Under Ann. 2012-44, a “qualified employer plan” will not be treated as failing to satisfy any requirement under the Code or regs merely because the plan makes a loan or a hardship distribution for a need arising from Hurricane Sandy, to an employee or former employee whose principal residence or place of employment on Oct. 26, 2012 was located in one of the counties or Tribal Nations that have been identified as covered disaster areas.

Plan administrators may rely on representations from the employee or former employee as to the need for and amount of a hardship distribution, unless the plan administrator has actual knowledge to the contrary, and the distribution will be treated as a hardship distribution for all purposes under the Code and regs.

The amount available for a hardship distribution is limited to the maximum amount that would be permitted to be available for a hardship distribution under the plan under the Code and regs. However, the relief provided by Ann. 2012-44 applies to any hardship of the employee, not just the types enumerated in the regs, and no post-distribution contribution restrictions are required.

To qualify for the relief under this announcement, a hardship distribution must be made on account of a hardship resulting from Hurricane Sandy and be made on or after Oct. 26, 2012, and no later than Feb. 1, 2013.

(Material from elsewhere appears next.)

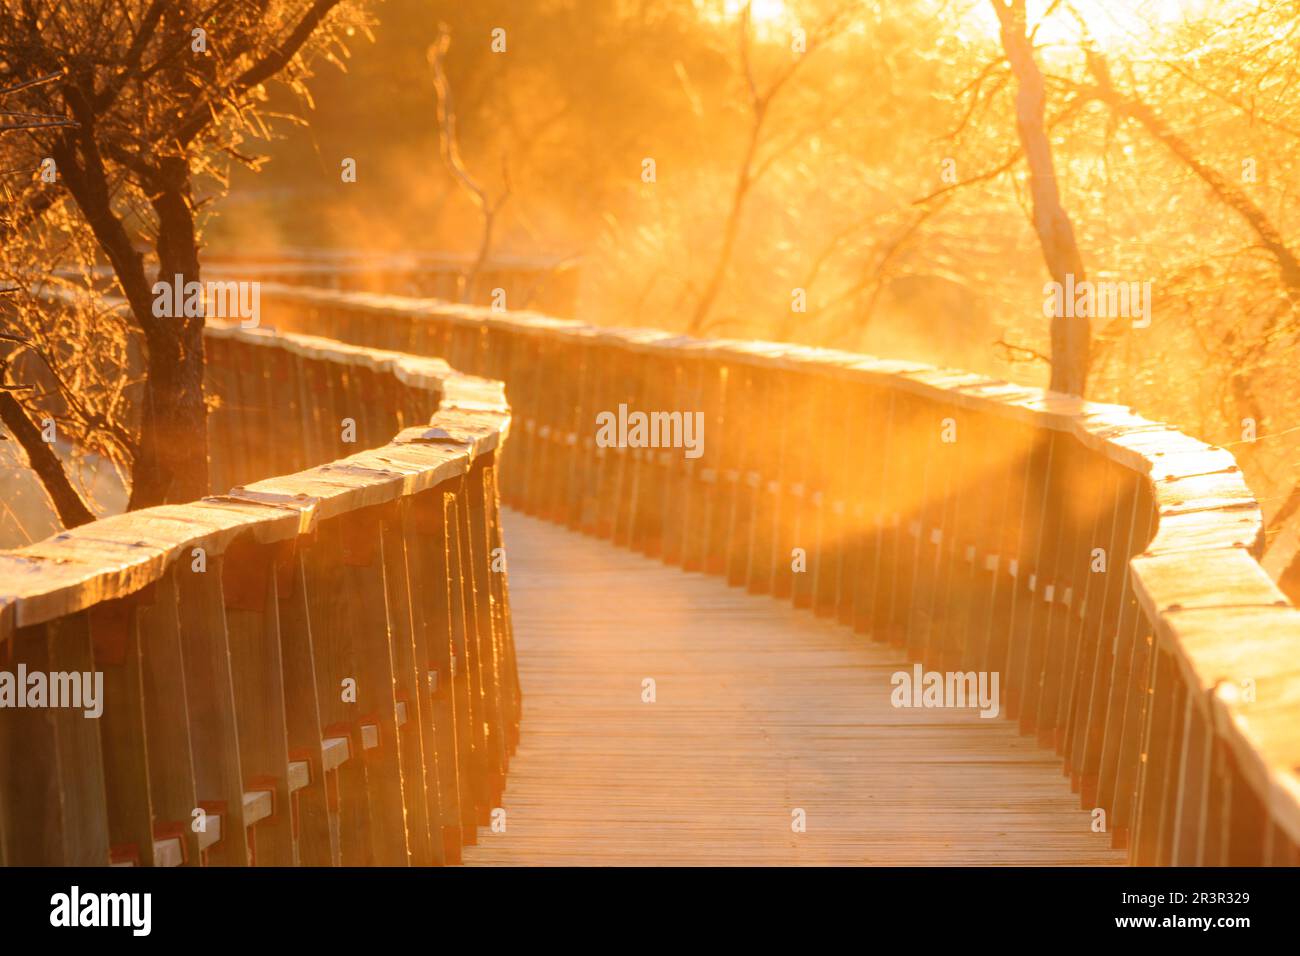 pasarelas al amanecer, parque nacional Tablas de Daimiel, Ciudad Real, Castilla-La Mancha, españa, europa. Stock Photo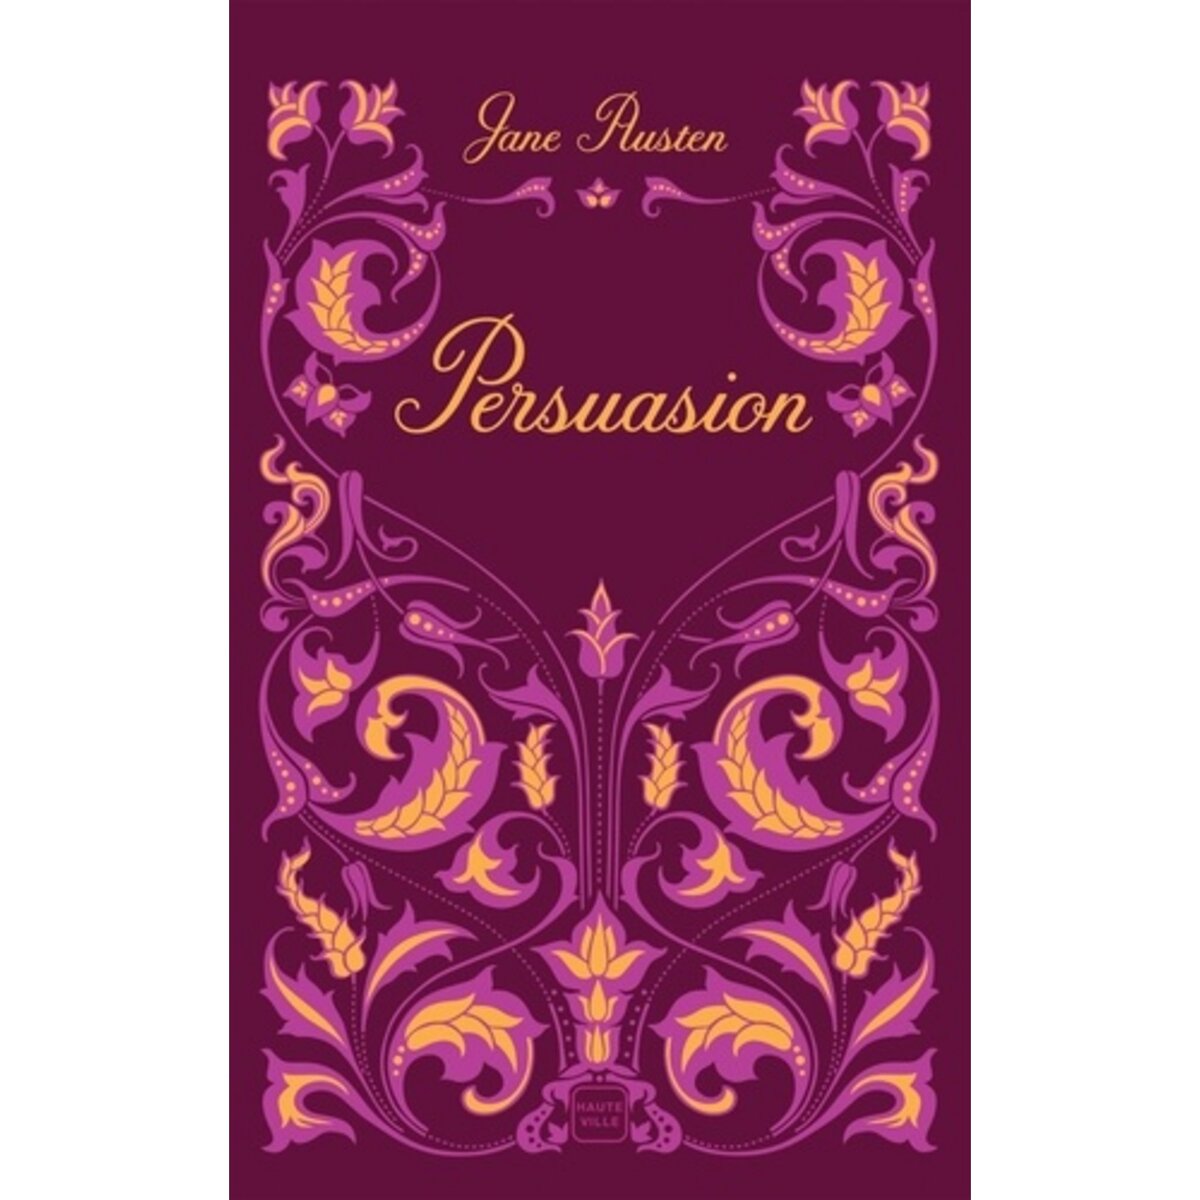  PERSUASION, Austen Jane

In addition, a retirement plan will not be treated as failing to follow procedural requirements for plan loans (in the case of retirement plans other than IRAs) or distributions (in the case of all retirement plans, including IRAs) imposed by the terms of the plan merely because those requirements are disregarded for any period beginning on or after Oct. 26, 2012, and continuing through Feb. 1, 2013, with respect to distributions to individuals described above, provided the plan administrator (or financial institution in the case of distributions from IRAs) makes a good-faith diligent effort under the circumstances to comply with those requirements. However, as soon as practicable, the plan administrator must make a reasonable attempt to assemble any forgone documentation.